Mais nous entrons ici dans une zone grise de la langue, une zone qui ouvre la voie à diverses interprétations. Bien des auteurs ont tenté de définir la nation en français.

D’ailleurs, cette question a fait l’objet d’une étude dans mon mémoire de maîtrise en science politique. La définition la plus classique est celle d’Ernest Renan. Il parle de « la possession en commun d’un riche legs de souvenirs » qui se traduit par « le désir de vivre ensemble, la volonté de continuer à faire valoir l’héritage qu’on a reçu indivis. »

Un mot est absent de cette définition : pays. Une nation est-elle nécessairement un pays? Il semble bien que non. Le Robert étale sa définition du terme en quatre volets. La seconde ratisse large : « Groupe humain, généralement assez vaste, qui se caractérise par la conscience de son unité (historique, sociale, culturelle) et la volonté de vivre en commun. »

La troisième est plus explicite et rejoint la notion de pays : « Groupe humain constituant une communauté politique établie sur un territoire défini ou un ensemble de territoires définis, et personnifiée par une autorité souveraine. »

Comme on le voit, une nation n’est pas nécessairement un pays. Une communauté politique peut aussi bien être l’Inde, le Danemark ou l’Ouzbékistan. Mais aussi le Kurdistan, l’Écosse ou la Catalogne.

C’est pourquoi on peut considérer que le Québec est une nation, mais une nation faisant partie du Canada.

 

Doubles consonnes

L’apprentissage du français n’est pas une sinécure. L’orthographe pose une série de problèmes à cause des innombrables illogismes dont est parsemée notre langue.

J’ai déjà évoqué le cas des couples mal assortis, comme donner et donateur, souffler mais boursoufler. L’Académie a proposé en 1990 de faire un peu de ménage de ce côté, mais la résistance bétonnée devant ces timides rectifications n’a pas permis de faire les progrès souhaités.

Car tout le monde finit un jour ou l’autre par tomber dans le piège en écrivant donnateur. La logique la plus élémentaire nous mène pourtant dans un cul-de-sac.

Cet exemple met en lumière le problème épineux que constitue le doublement des consonnes. Les mots suivants s’écrivent avec la double consonne :

Littérature

Dictionnaire

Aggraver

Raisonner, résonner (dont le substantif est… résonance)

Les trois premiers mots donnent en anglais literature, dictionary et agravate. Imaginons maintenant qu’une rédactrice écrive litérature, dictionaire, agraver. Le lecteur pressé ou peu attentif n’y verrait que du feu, car nous lisons des mots entiers, et non des lettres.

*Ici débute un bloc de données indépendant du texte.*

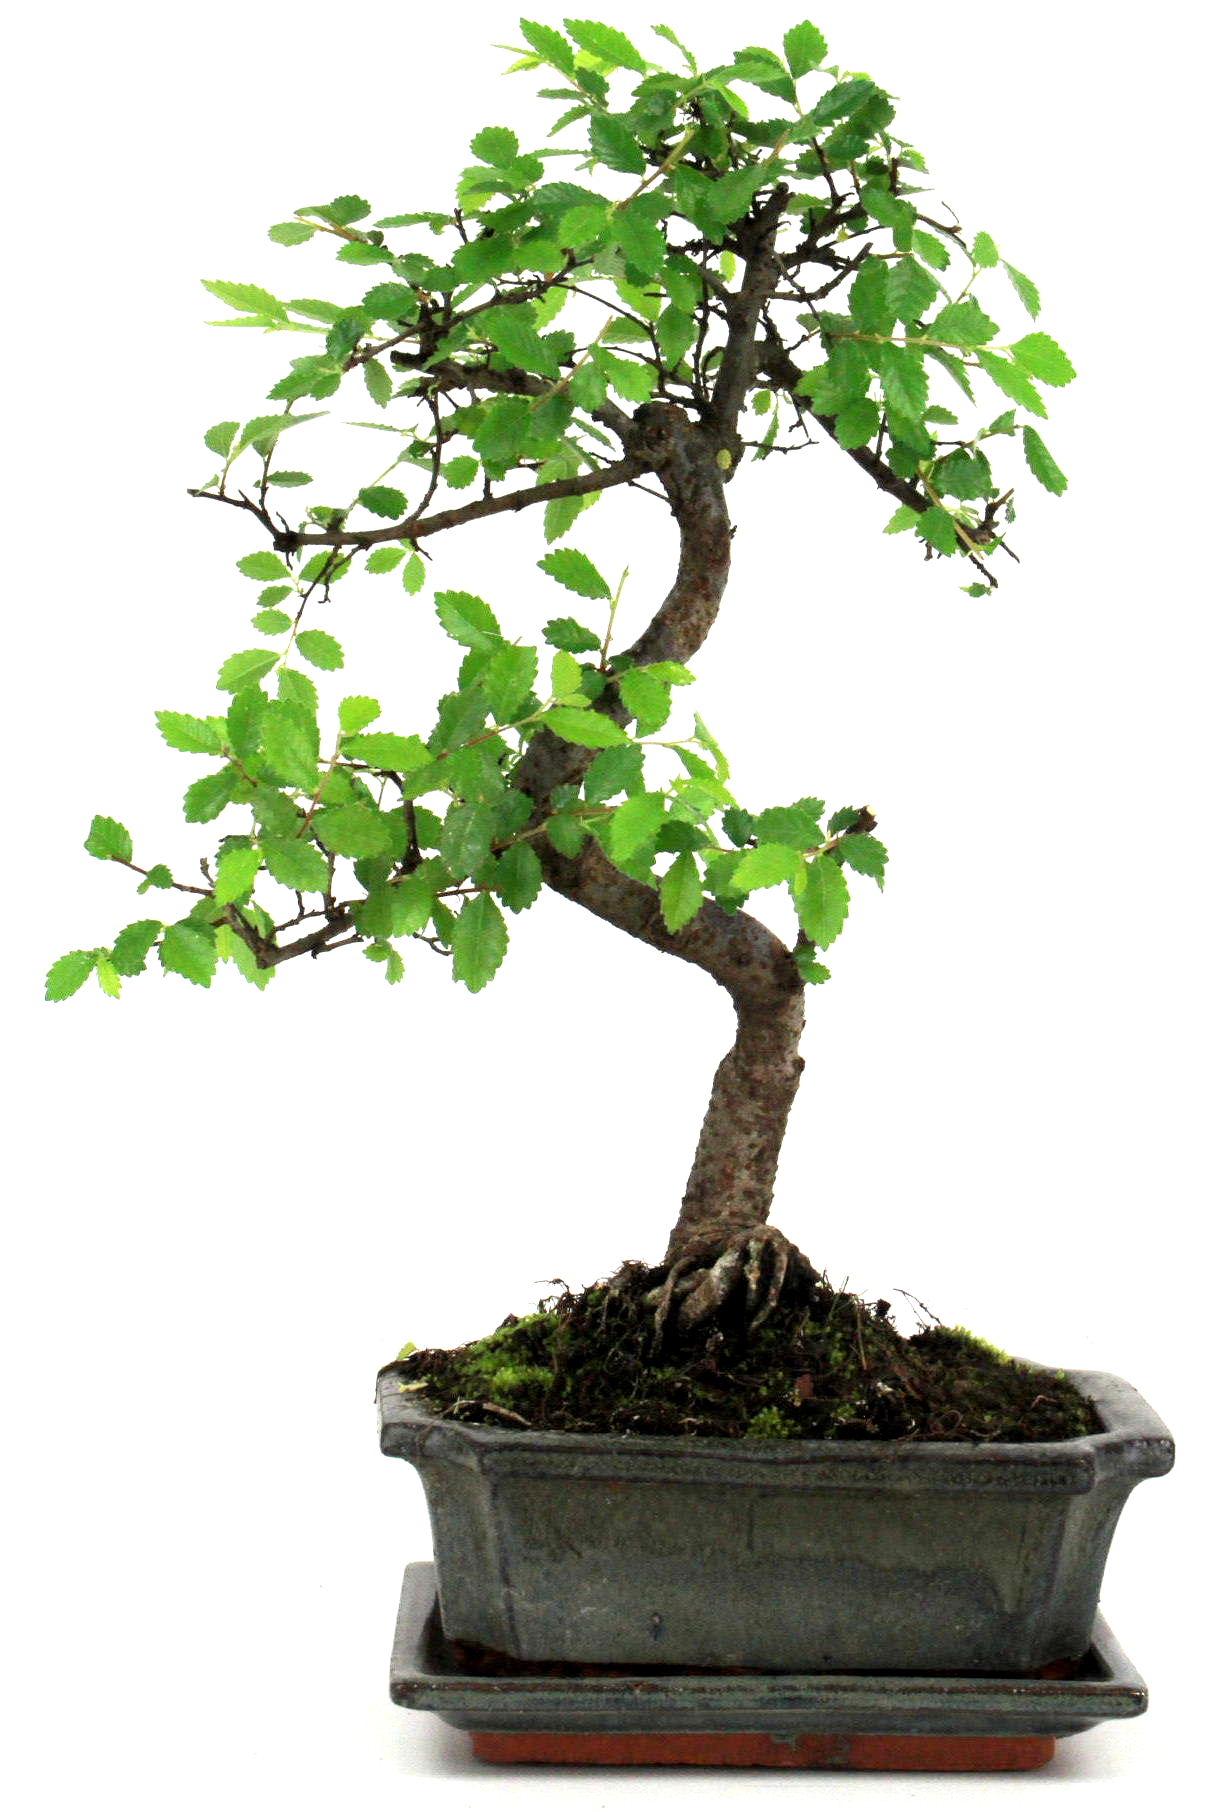 bonsai chinesische ulme 30 35 cm g1622 bei oyaki bonsai kaufen. Black Bedroom Furniture Sets. Home Design Ideas

Dès lors, une question se pose : serait-il concevable d’écrire ces mots sans double consonne? Le sens serait-il perdu? Non.

Est-il plus logique d’écrire littérature avec deux t qu’avec un seul? Non plus.

L’élimination des doubles consonnes simplifierait considérablement l’orthographe française.

Bien entendu, on n’en est pas là. La simple suppression de l’accent circonflexe sur le u et le i a enflammé l’Hexagone, alors…

Certains accuseront l’auteur de vouloir jeter par-dessus bord le merveilleux héritage de notre langue, de faire fi des traditions séculaires du français. Eh bien justement non.

Il ne s’agit pas de transformer le français en langue phonétique; ce serait aller trop loin et on ne s’y reconnaîtrait plus. Mais une simplification de l’orthographe serait la bienvenue.

Or, l’orthographe du français s’est graduellement simplifiée au fil des siècles. Il est même plus simple que l’anglais, dans lequel les lettres changent sans cesse de prononciation.

Un petit coup de plumeau du côté des doubles consonnes serait le bienvenu.